Districts and neighborhoods of New York: what to see
Districts of New York - Manhattan -

And let's get to the icing on the cake! Manhattan is the heart of New York, the smallest but also the most densely populated district in the state, as well as in the whole of the United States. Manhattan is home to many large corporations, the United Nations, as well as numerous prestigious universities and many cultural attractions.

Then there are the museums, hotels, parks, shops, lights, squares. It is undeniable: almost everything you imagine of New York is in Manhattan ... Did you know that during the week, during the day, Manhattan doubles the population thanks to more than a million people who work there?
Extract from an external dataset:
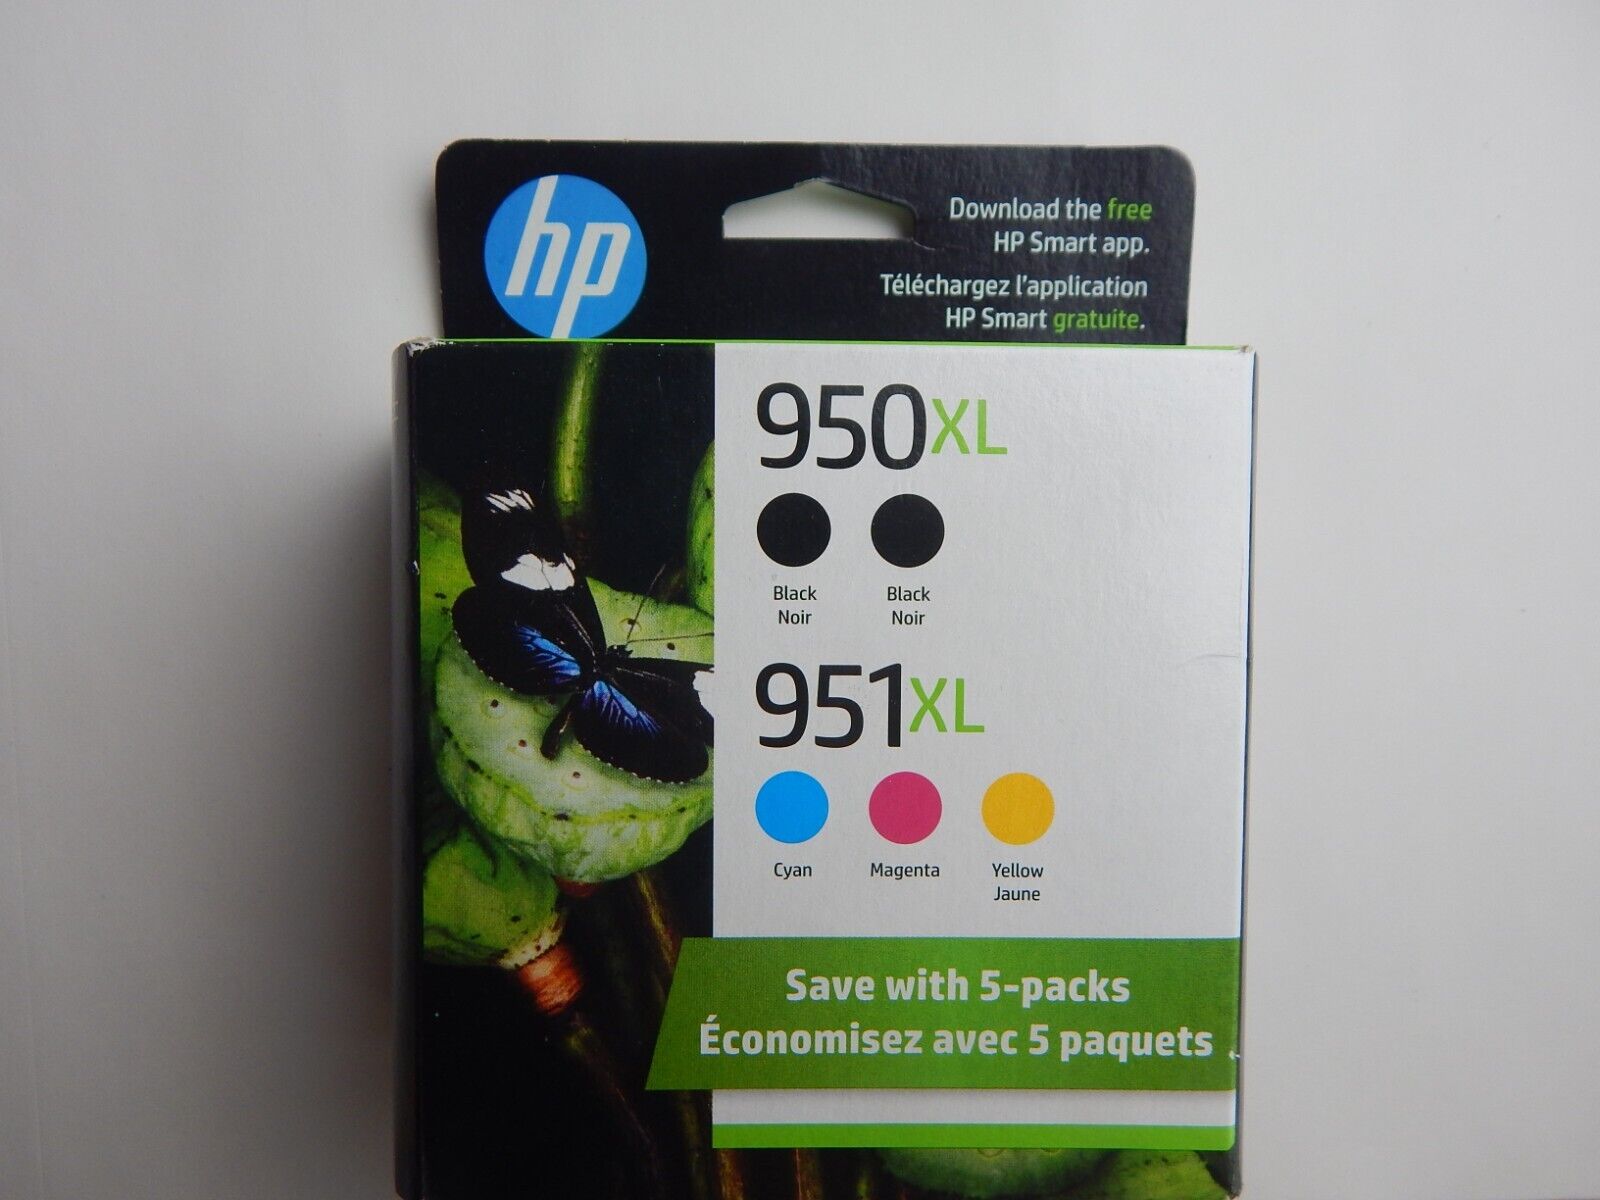 5-PACK HP GENUINE 950XL Black & 951XL Color Ink OFFICEJET PRO 8630 SEALED 25
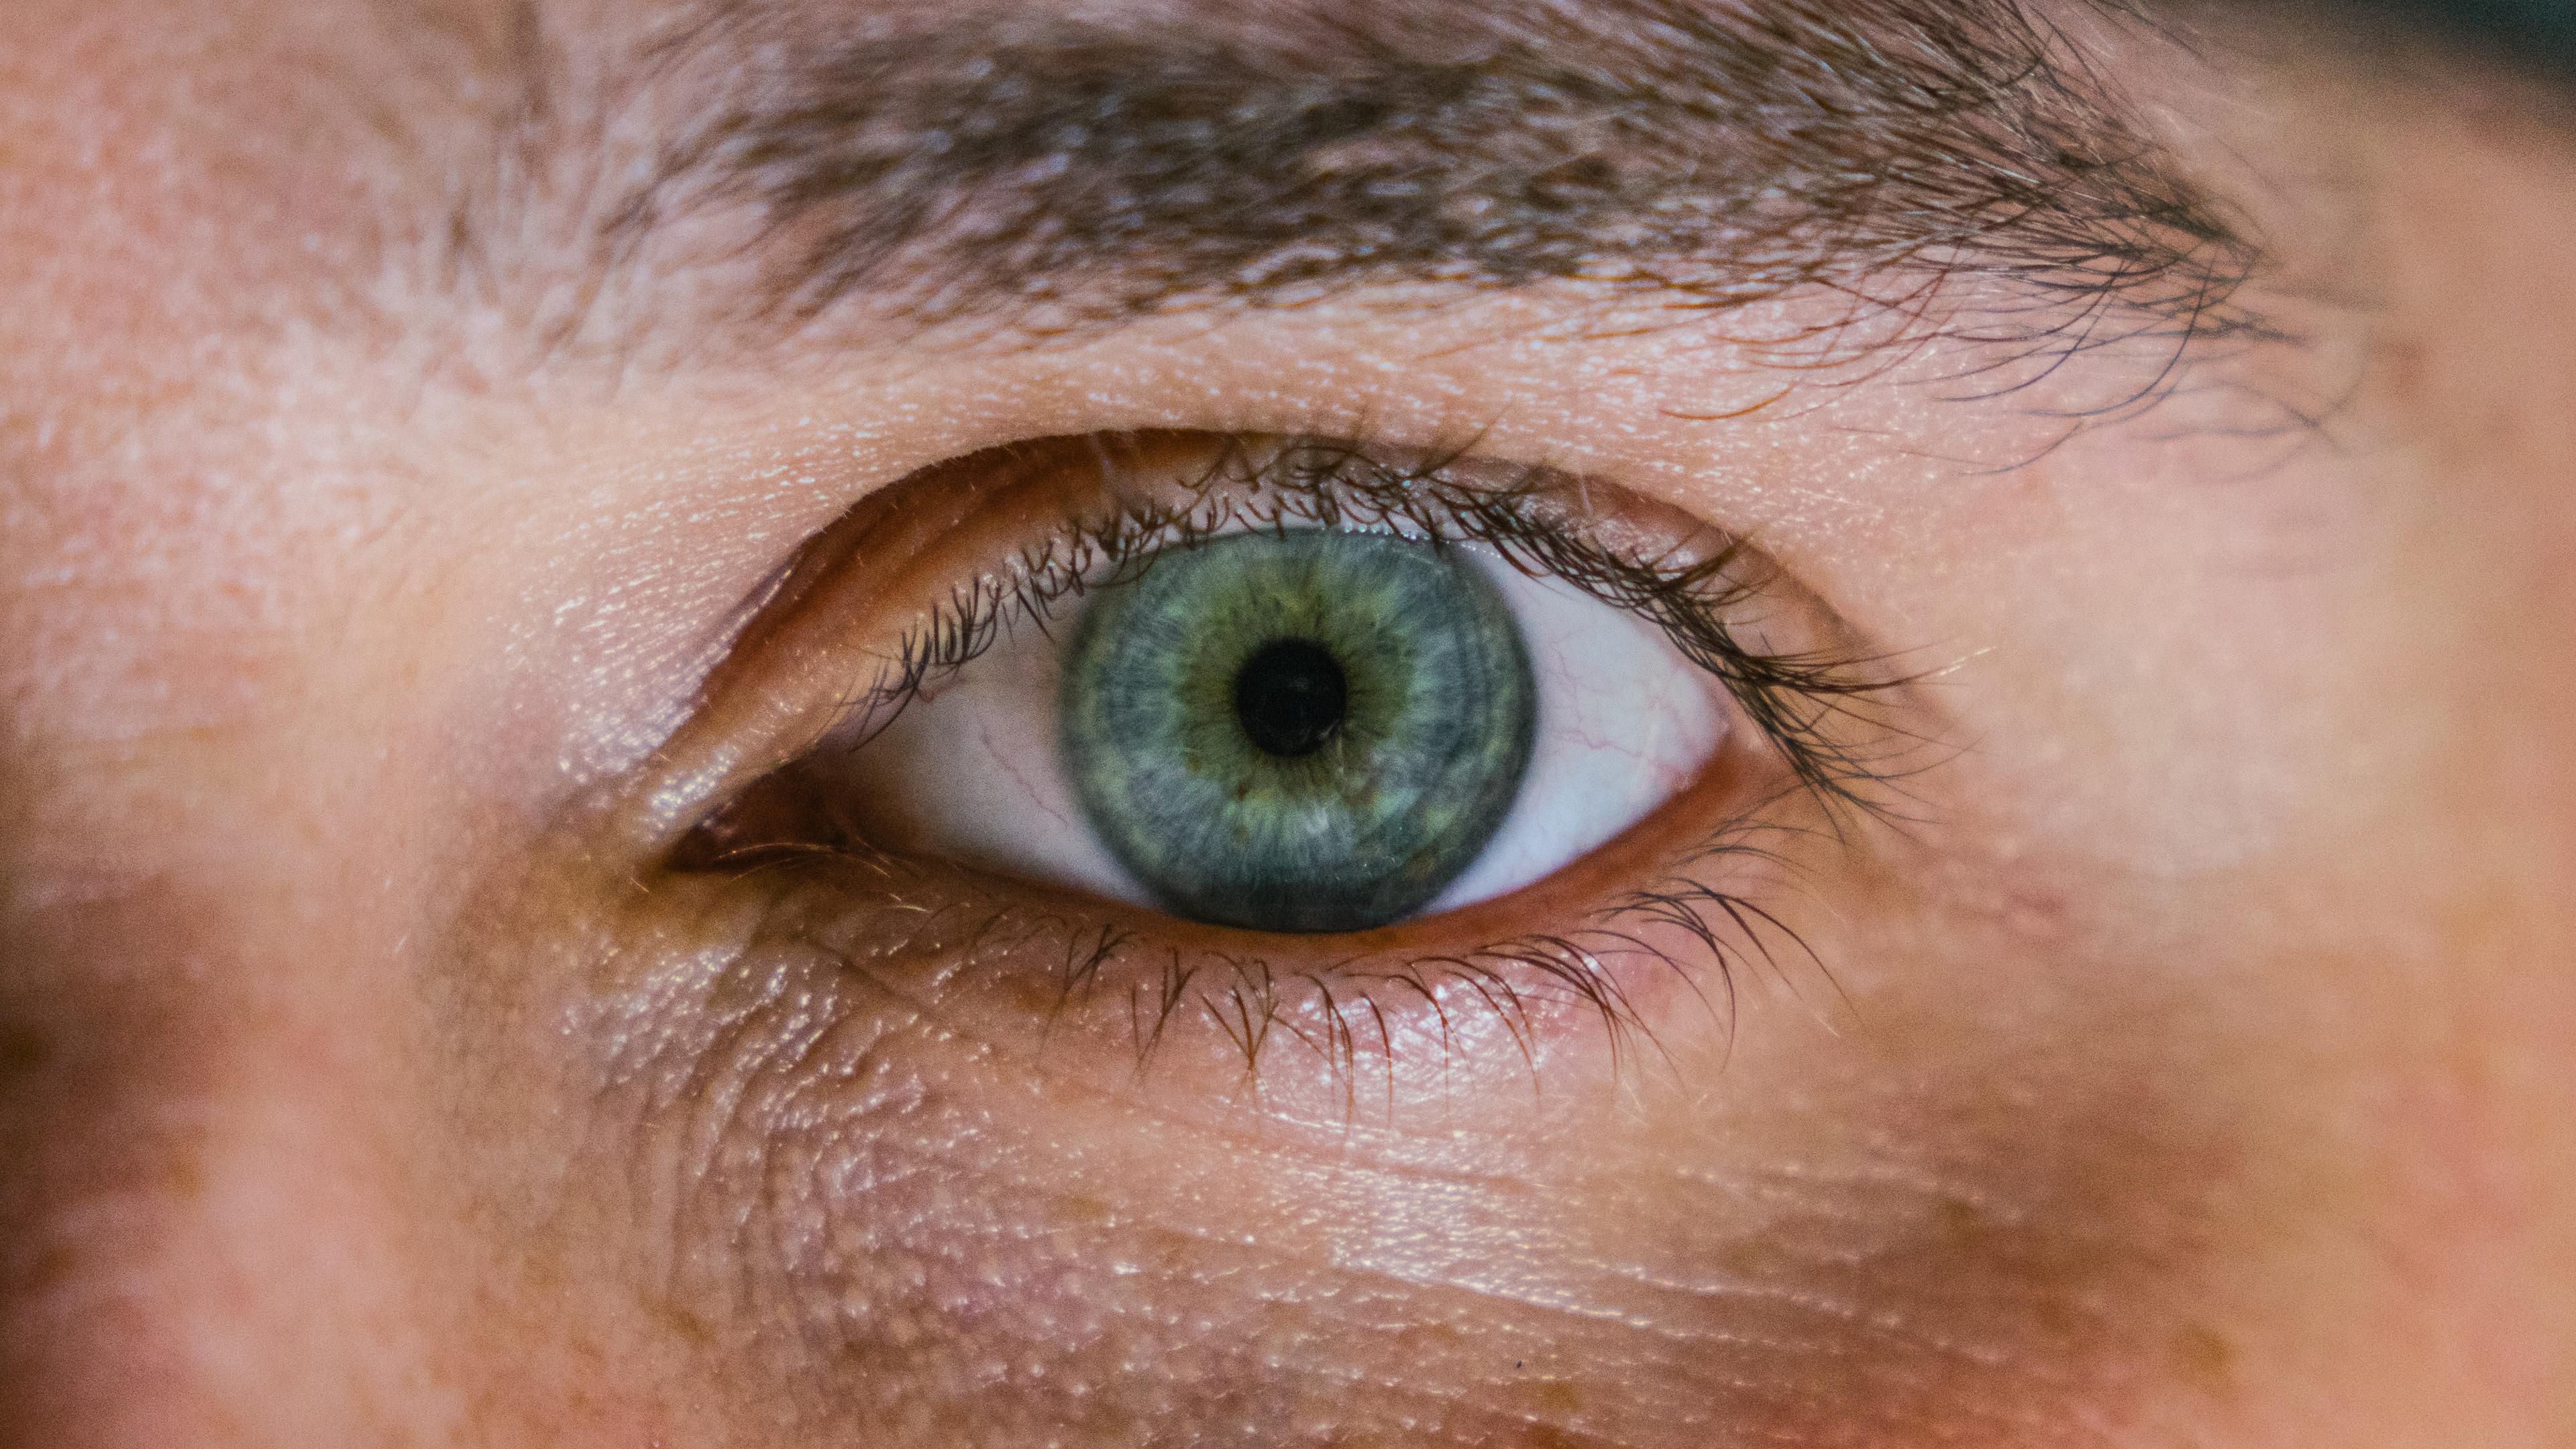 Jakie stosować zioła dla zdrowia oczu? Zioła na dobry wzrok. Zioła na schorzenia oczu. Najlepsze zioła na oczy – zadbaj o wzrok naturalnie! 

The Borough of Manhattan can be divided into 11 major boroughs. Each of these Manhattan neighborhoods has its particularities, its history, its culture, its monuments.

Central Park
Greenwich Village
Little Italy
Lower Manhattan
Upper East Side
Upper West Side

What to see and do in Manhattan

  • Times Square - With its giant screens, neon signs and frenetic movement, Times Square, a temple of consumption, is the most famous square in the world.
  • Central Park - In the heart of New York, this beautiful green space built in the 19th century has been the subject of careful work that has made it an iconic park.
  • The empire state building - Located in Manhattan, this innovative building has New York's tallest open-air observatory, located on its 86th floor.
  • One World Observatory - Reach the top of the tallest building in the Western Hemisphere and take in spectacular views of New York.
  • Ground Zero - All that remains of the World Trade Center Twin Towers, but above all, an enduring symbol of New York that thinks of the 2974 people who died in the disaster.
  • Statue of Liberty - an illustrious monument and urban architectural symbol.
  • American Museum of Natural History - With over 32 million species this museum offers visitors a full day of interesting activities.
  • Top of the Rock - From 50th Street, start a quick climb along Rockefeller Center! In the end, a great reward: a breathtaking view of New York.
  • Madison Square Garden - it is a multipurpose hall that hosts sporting events and concerts.
  • The MoMA - This modern and contemporary art museum ranges from innovative European paintings and sculptures from the 1880s to today's cinema, design and performing arts.
  • Broadway - the most visited artery in the borough of Manhattan stands out as one of the must-see places in the city.
  • Chinatown - quintessential Chinese district full of restaurants, souvenir shops and street vendors.
  • Little Italy - generations of Italian immigrants settled in New York and founded Little Italy, this small Mediterranean corner.